# Selleys 3 in 1 adhesive,sealer and filler



## wildthings (Aug 2, 2013)

G'day...want to know if anyone has used this stuff before, it's super clear,sticks to everything, easy to use etc, but is it safe for our scaly friends? there is nothing on the mds that would make me think otherwise, but there are plenty of people out there that know better than me, so please express your opinion or experience with selleys 3 in 1 is it good of bad ?


----------



## wildthings (Aug 2, 2013)

No-one's used this stuff?


----------



## Lawra (Aug 2, 2013)

Nope... But I am also interested to see if anyone has


----------



## Rogue5861 (Aug 2, 2013)

I use roof and gutter silicone, 100% silicone is safe for pets. Any additives like mould or mildew resistance's are no safe.


Rick


----------



## wildthings (Aug 2, 2013)

Rogue5861 said:


> I use roof and gutter silicone, 100% silicone is safe for pets. Any additives like mould or mildew resistance's are no safe.
> 
> 
> Rick


Yep, but it doesnt say anywhere that those nasties have been added, it doesnt say anywhere that it is resistant to mold and mildews uugghh, so I should just really consider it not safe Rick, I thought having a sealer, filler and adhesive all in one would be handy  too good to be good lol


----------



## wildthings (Aug 3, 2013)

Well I've managed to find out, after several phone calls to Selley's and several different answers,..that this product can leach Methanol untill it's fully cured which can take a week or more depending on how thick you apply it..So I spent the night researching what methanol does to reptiles, absolutely no info on the internet regarding that, so this morning I rang a couple of wildlife vets from various wildlife sanctuaries (currumbin and australia zoo) both say it's fine as long as the reptile is not ingesting it


----------



## PetPac (Aug 3, 2013)

You are better to use an acetic based silicon (as used with aquariums) that once cured is harmless.


----------



## Jacknife (Aug 3, 2013)

PetPac said:


> You are better to use an acetic based silicon (as used with aquariums) that once cured is harmless.
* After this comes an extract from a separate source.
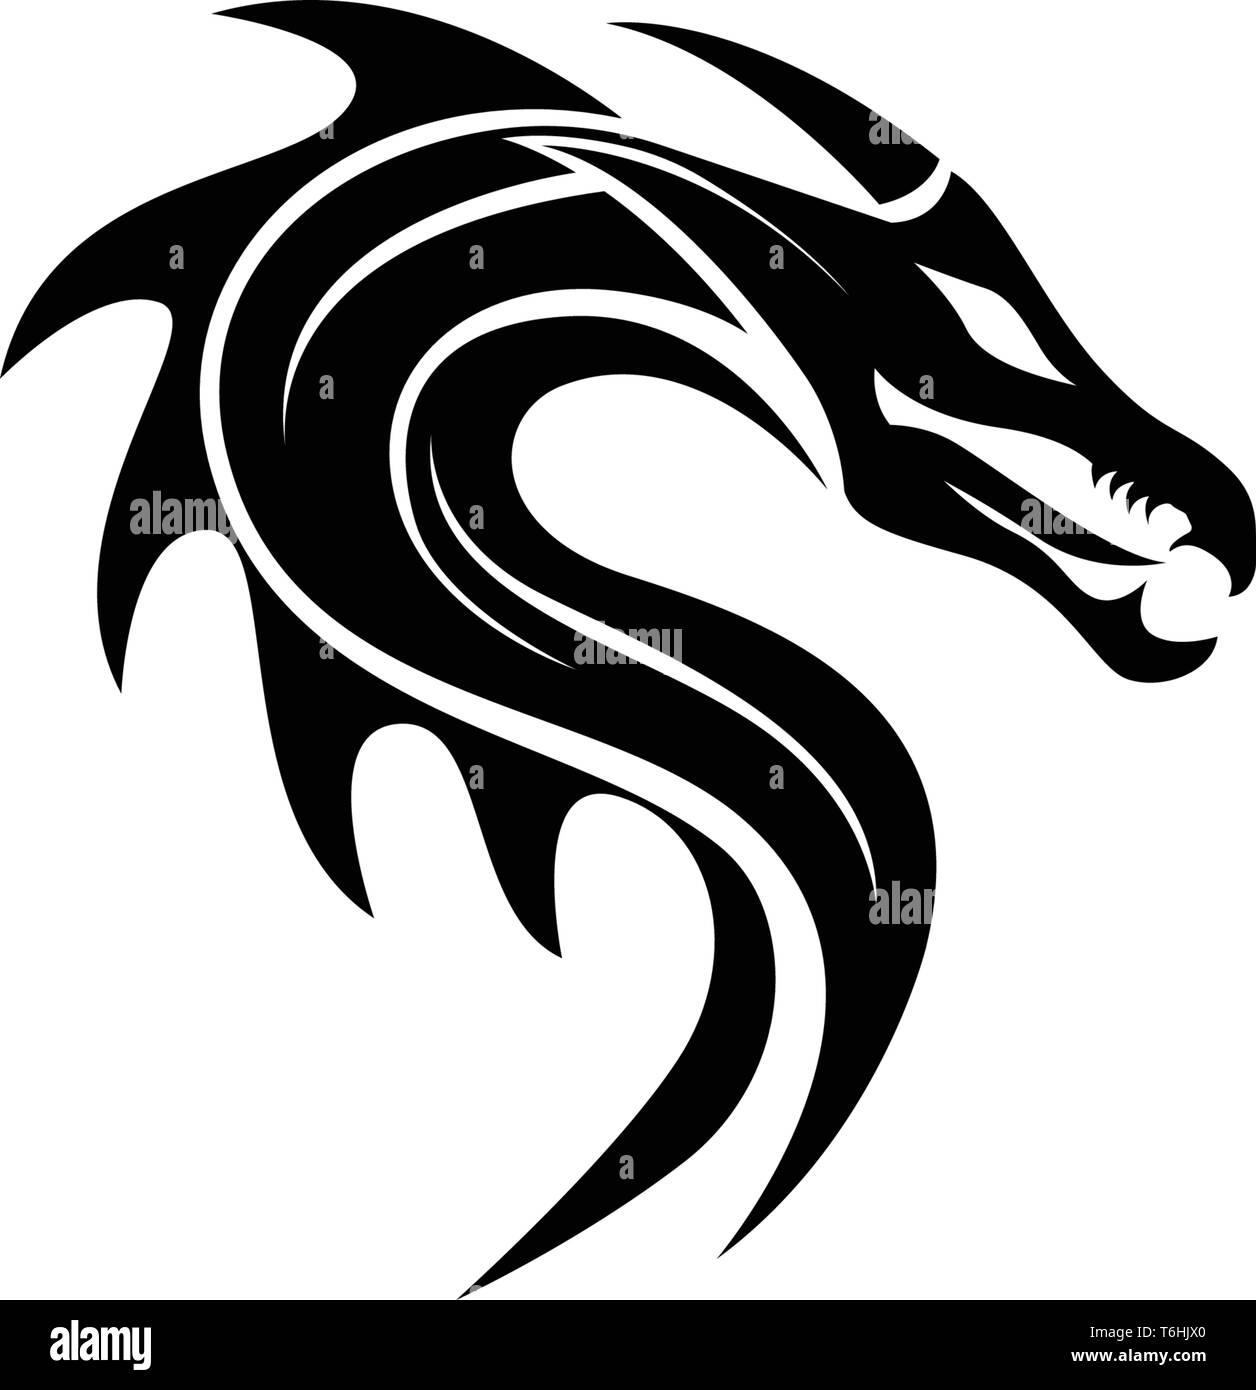 Plantilla de logo de dragón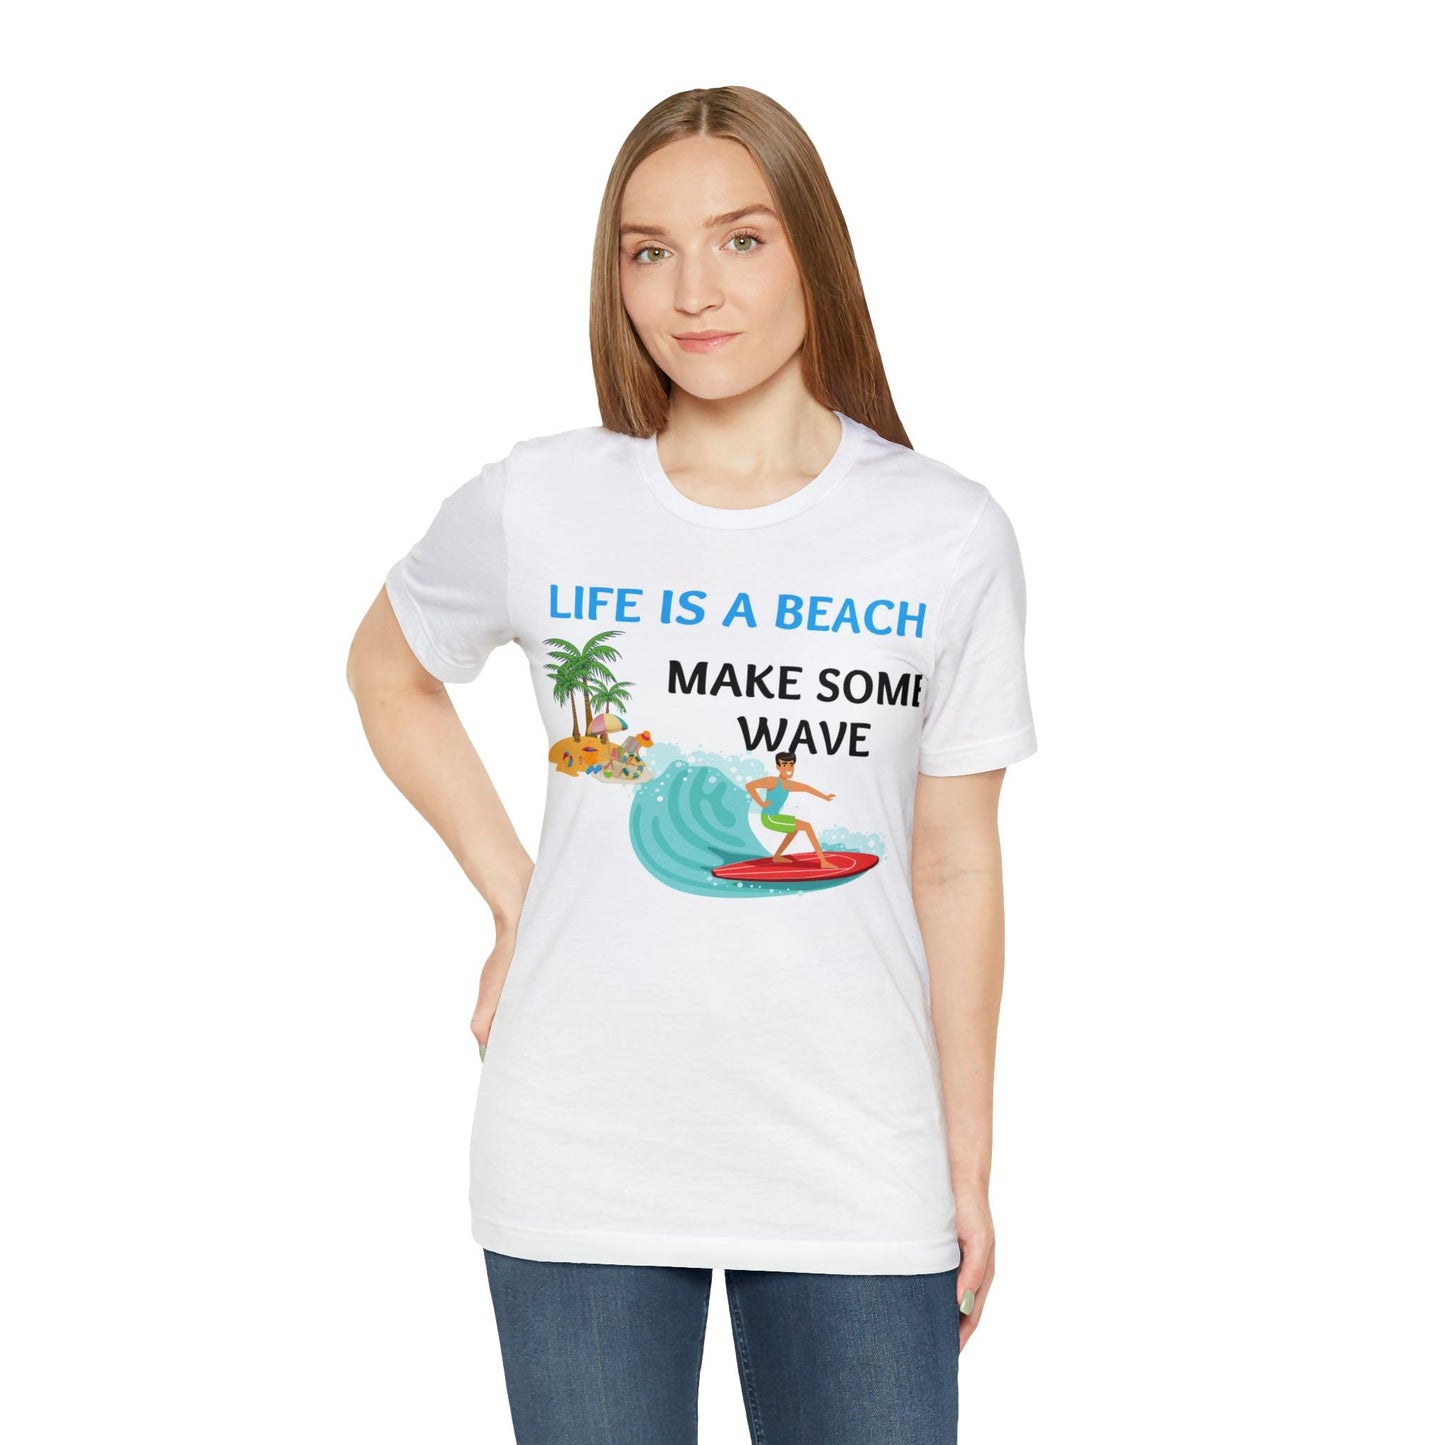 Life is a Beach shirt, Beach t-shirt, Summer shirt, Relaxing beachwear, Coastal fashion, Beach-inspired clothing, Beach adventure apparel

According to the reply he got from Selleys this product is also harmless once fully cured, so I can't really see the difference...


----------



## wildthings (Aug 3, 2013)

Badsville said:


> According to the reply he got from Selleys this product is also harmless once fully cured, so I can't really see the difference...


Probably price, and what you can do with the stuff, it's a brilliant glue, everything sticks to it, it's a nice filler because it's completely clear, like crystal you can see thru it no worries, same with using as sealer, it looks really good and done nice and tidy, you can barely see it's there...That's why I'd like to use it more, but only if I'm 100% sure it's safe, and atm I don't like the smell in the cabinet I just finished, I'm hoping if I just keep heating for the next week to the max temp (39) that the smell will burn off before I even consider putting Davinci in there :/


----------



## bigi (Aug 3, 2013)

i have used this in the past if its the one im thinking of and i dont like it. it goes hard.
I wouldnt use an acedic sealant either, these as the name suggest cure by a acidic reaction when in contact with air. They smell alot until cured. They are not necessarily used for aquariums, if using sealants for aquariums you need to ensure the sealant can handle fully submerged conditions. This is not the case with most sealants.
You have used it now, so see how it goes, if it was just for covering the gaps or edges to the corners of a dry enclosure i am sure it will be fine, the better sealants for dry enclosures would be natural cure 100% silicon
goodluck


----------



## wildthings (Aug 3, 2013)

So far it hasnt gone hard, it's retained that flexible silicon feel to it  and it was just for filling gaps, sealing the bottom in case of spills and to stick the plants in


----------